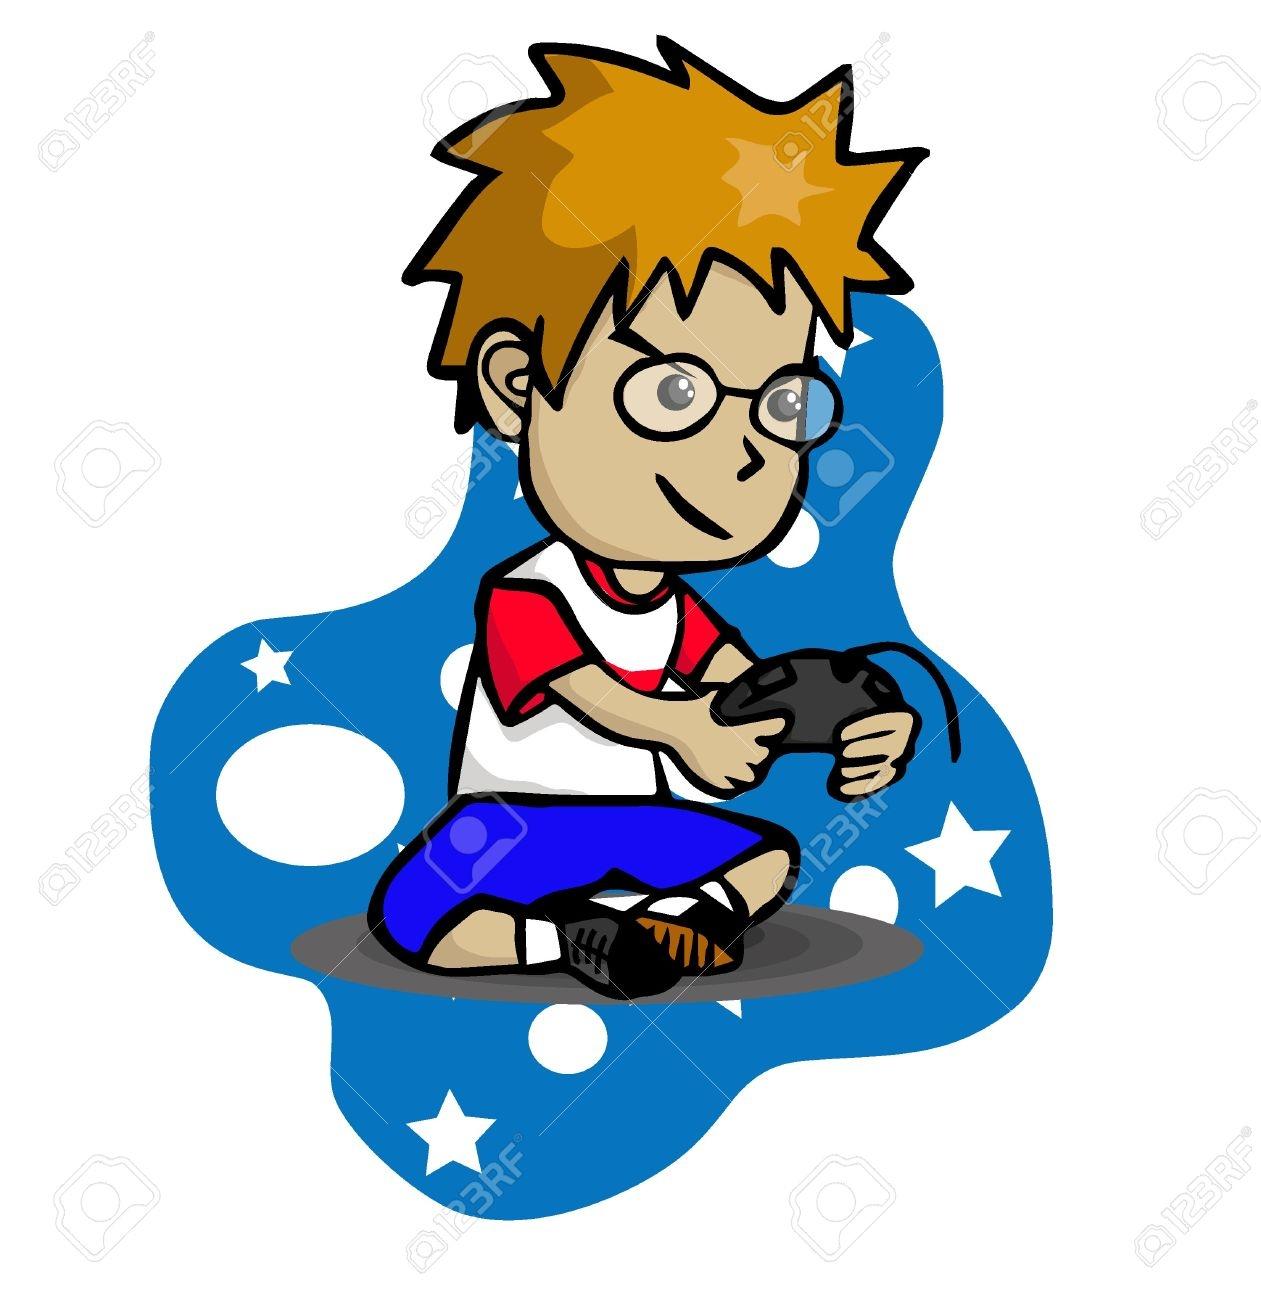 1261x1300 Boy Playing Video Games Clip Art My Site
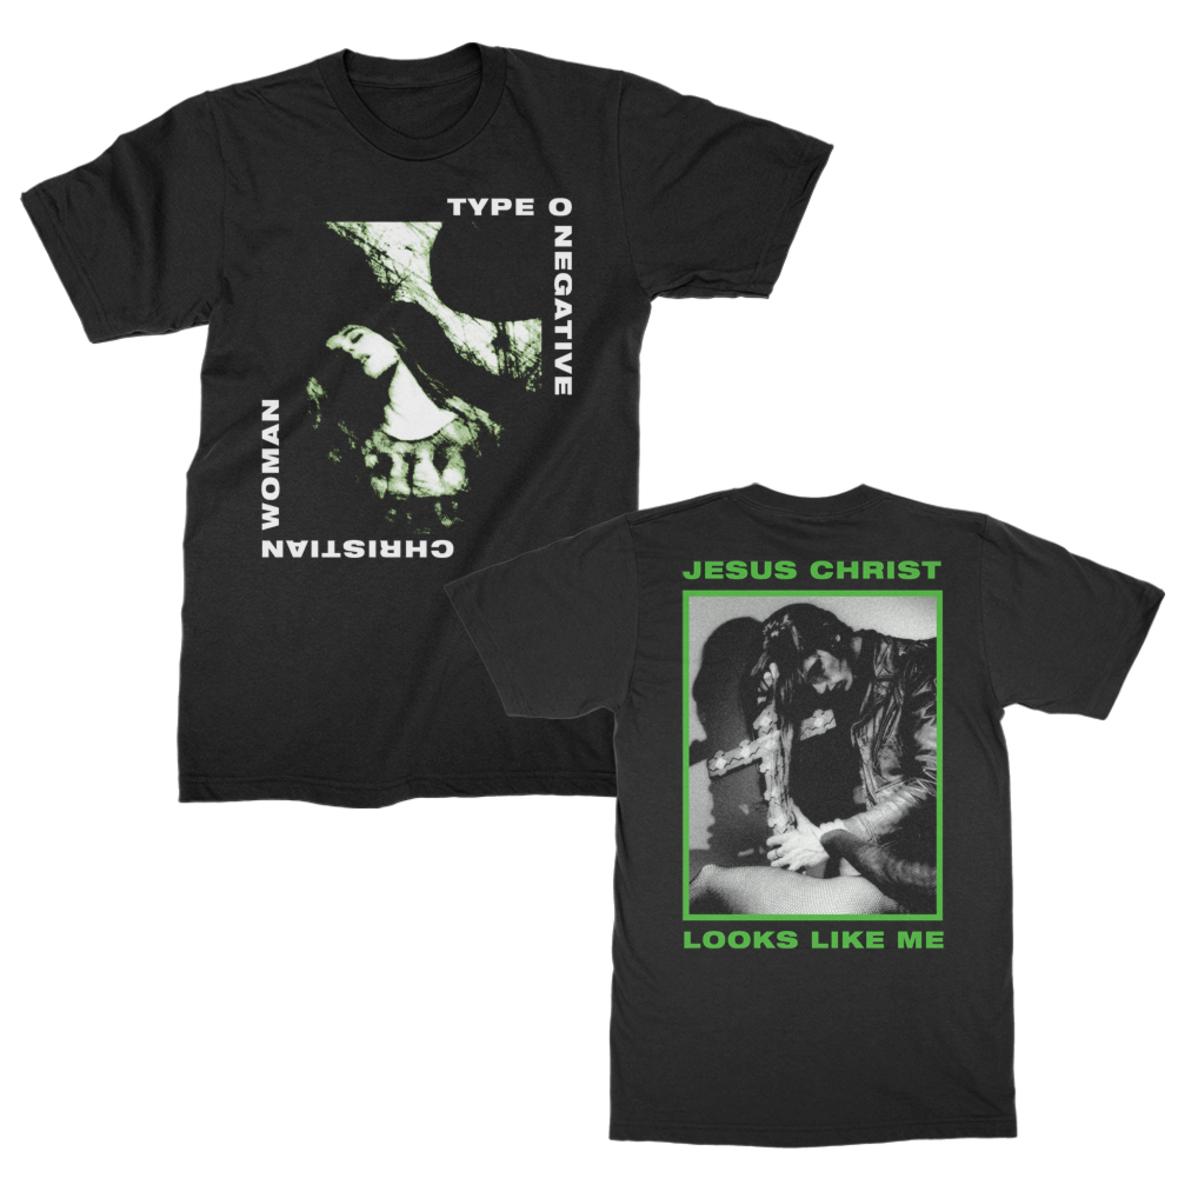 Type O Negative - Christian Woman T-Shirt
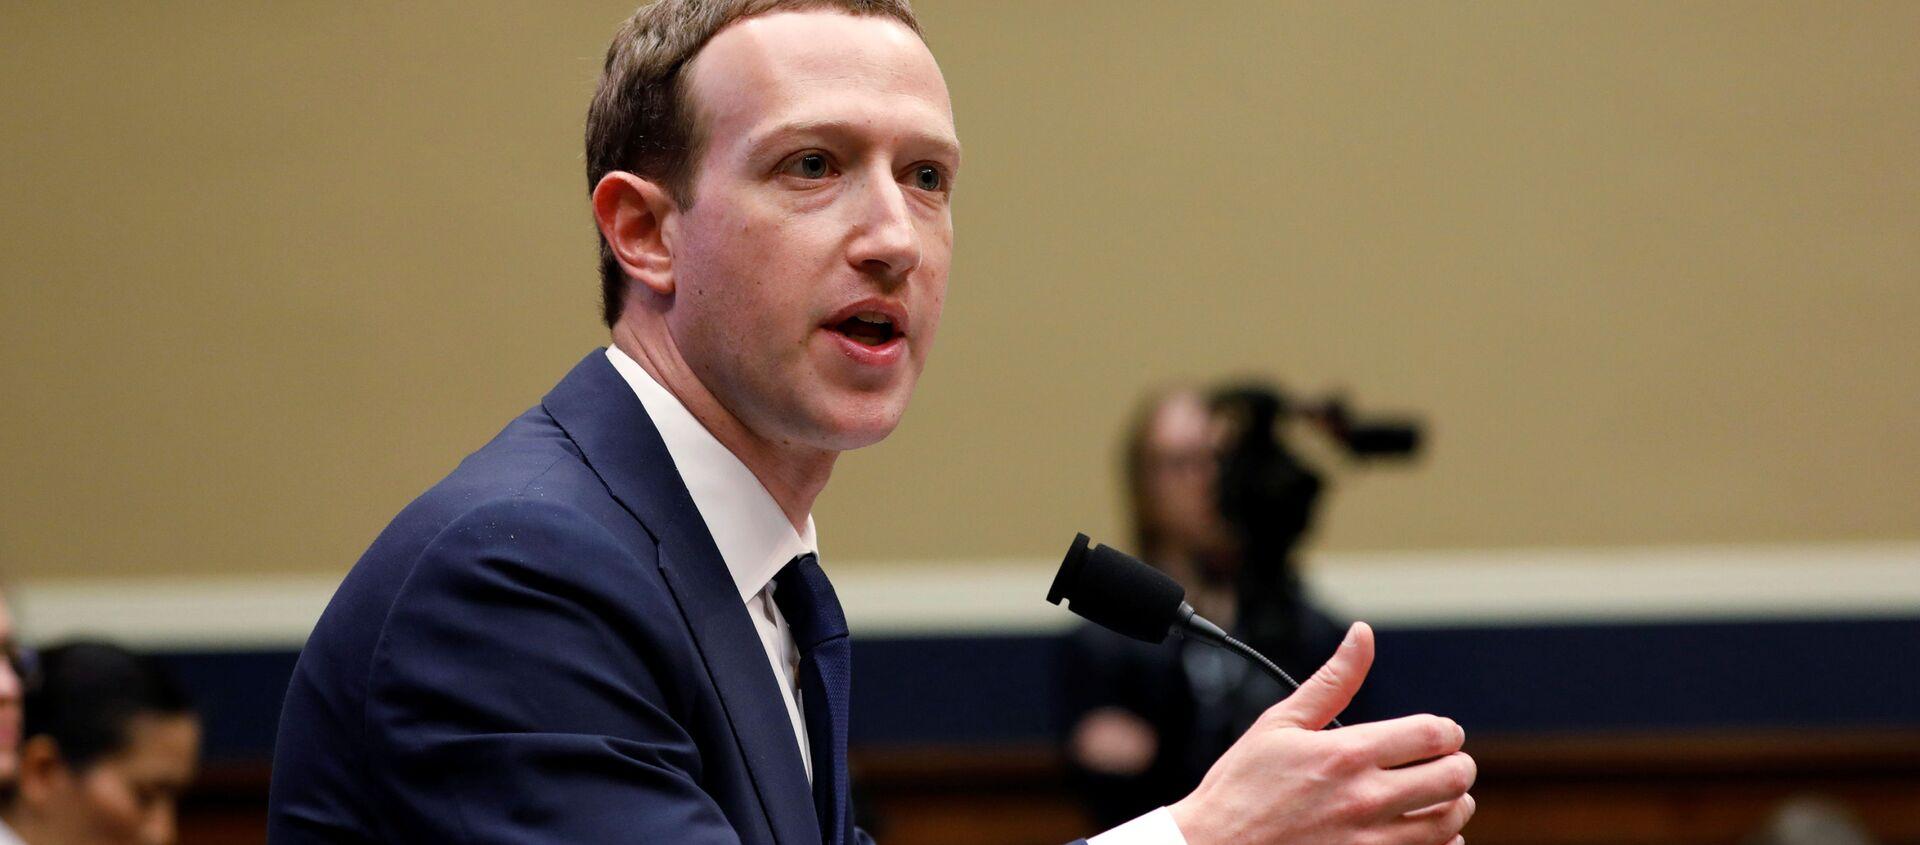 Mark Zuckerberg. - Sputnik Việt Nam, 1920, 30.06.2021

- [What to work on] Print the listing exactly. No pictures belong in the copy.

- [Written solution]
 1261x1300 Boy Playing Video Games Clip Art My Site
 Type O Negative - Christian Woman T-Shirt
 Mark Zuckerberg. - Sputnik Việt Nam, 1920, 30.06.2021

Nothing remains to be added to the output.